Олуфьев стоит у двери, трет виски, за дверью слышит шепот и всхлипы, но вот слышит и другое — голоса грубые, и мамки голос визгливый, и топот сапог в сенях. Дверь распахивается — вот уж диво: на пороге Тереня Ус и Валевский, атаман черкас. Ранее даже в ратном деле рядом не оказывались, а за одним столом тем более. В сенных сумерках лица атаманов черны, словно души обнажились и выявились в чертах. Из-за спины Олуфьева свет лампад и свечей падает на их лица, искажает тенями, как шрамами, — сущие упыри…

— Выйди для разговору, боярин, — басит Тереня угрюмо. Валевский тоже кивает головой, хмыкает и прикашливает.

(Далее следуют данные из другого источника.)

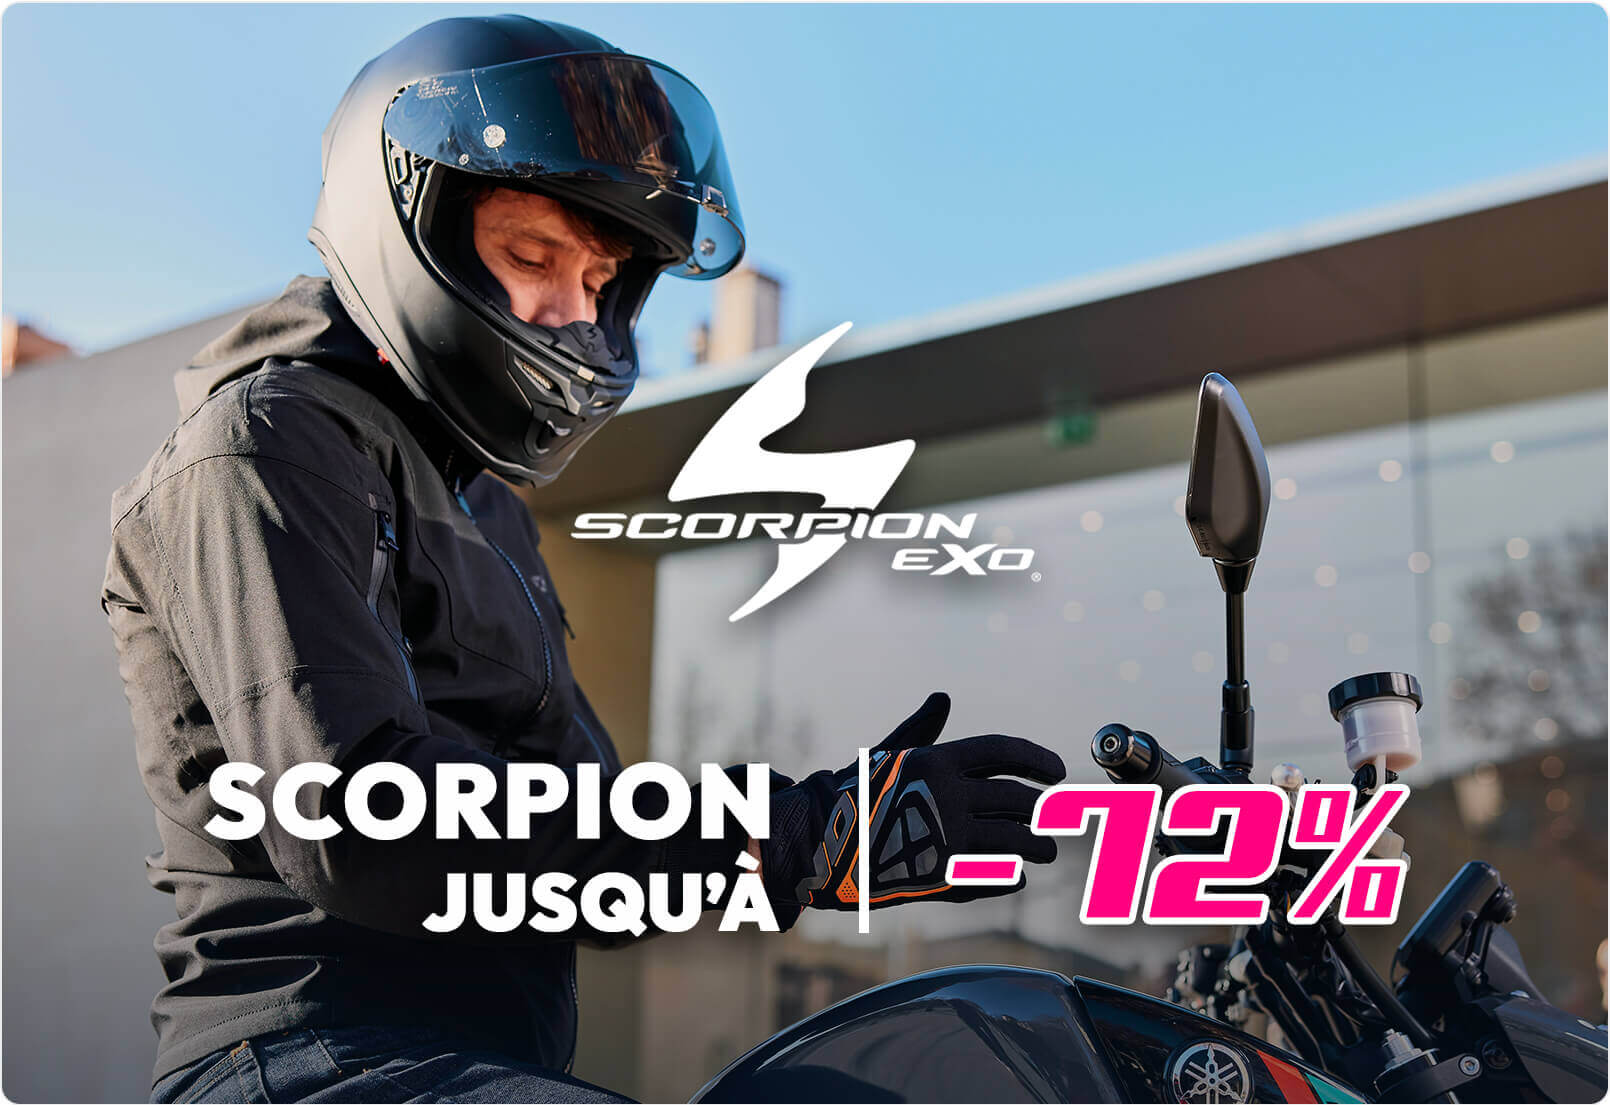 Casques Scorpion jusqu'à -72%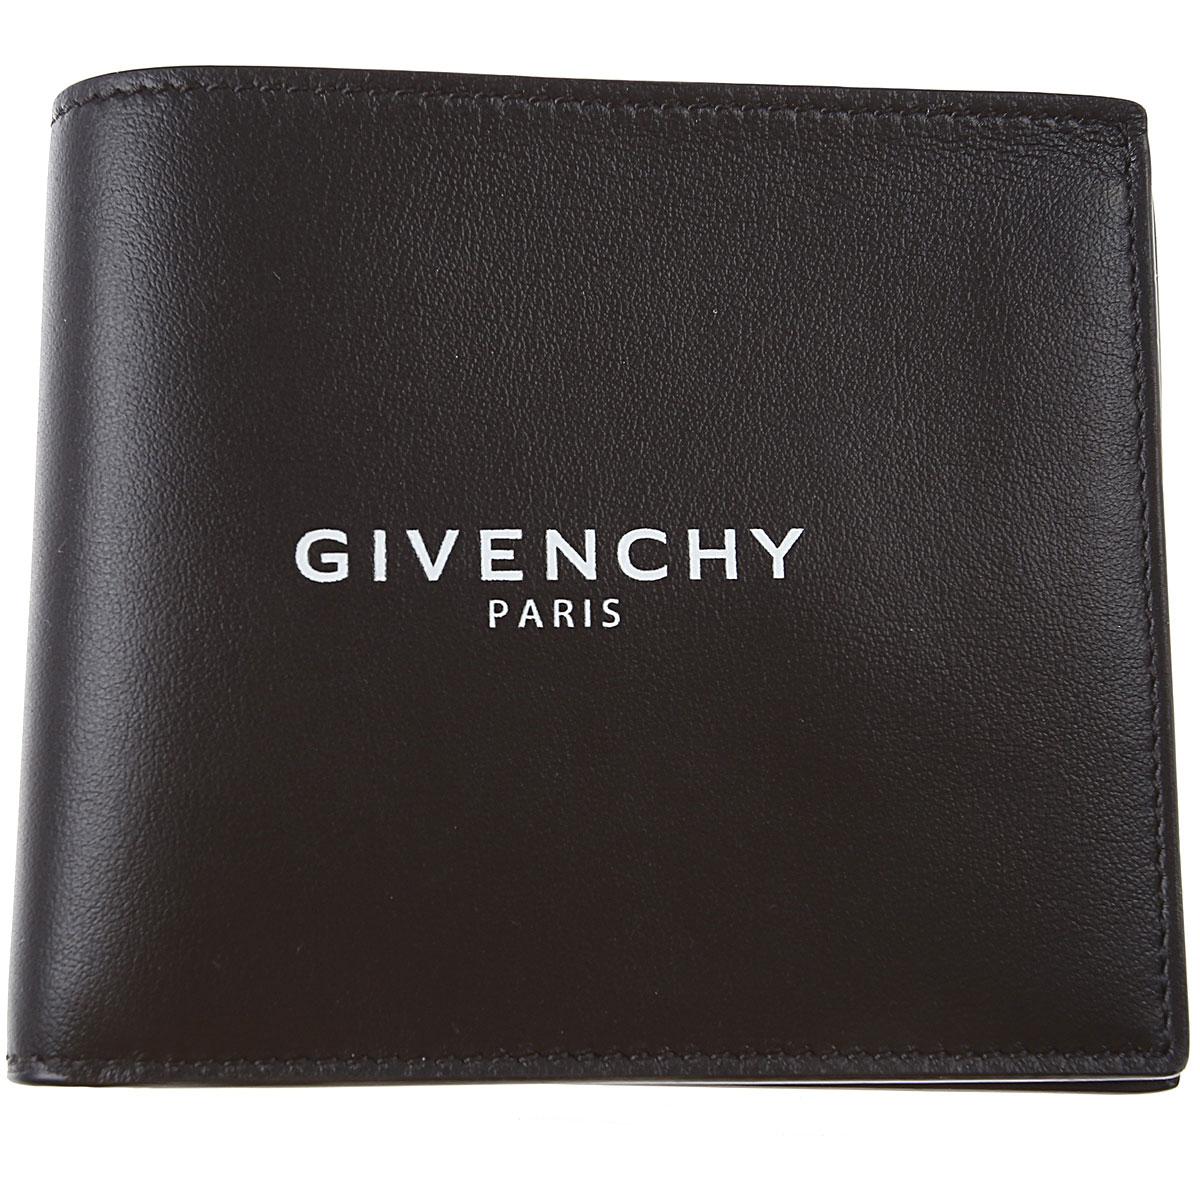 Givenchy Wallet For Men On Sale in Black for Men - Lyst

— Чего ж выходить-то, — улыбчиво возражает Олуфьев, — гостям рад, медами не оскудел пока еще, чарка разговору не помеха. — И отступает на шаг в горницу с шутовским полупоклоном.

Но атаманы качают черными харями, мол, не до чарки. Ишь как приспичило собачьим чадам: чарке не рады и гостеприимству боярскому, коим никогда не славился у казаков, всегда стороной держался…

Ущербная луна уже зависла над астраханским кремлем, но светит по-воровски, то и дело скрадываясь в грязных зипунах, что волокутся по небу с моря в московскую сторону — они тоже спешат туда, рваные и растрепанные, словно там заштопают их и отчистят до обновы для чьей-то радости и похвальбы. Кремлевские башни, острием воткнувшись в небо, тщетно пытаются зацепить их, придержать или распороть на лоскутья в наказание за побег, зипунам терять нечего, к тому ж верховик попутный, а ночь по-весеннему коротка, да и башни, похоже, больше прикидываются стражами, им ведь еще стоять и стоять вековечно — это ль не забота, важней прочих…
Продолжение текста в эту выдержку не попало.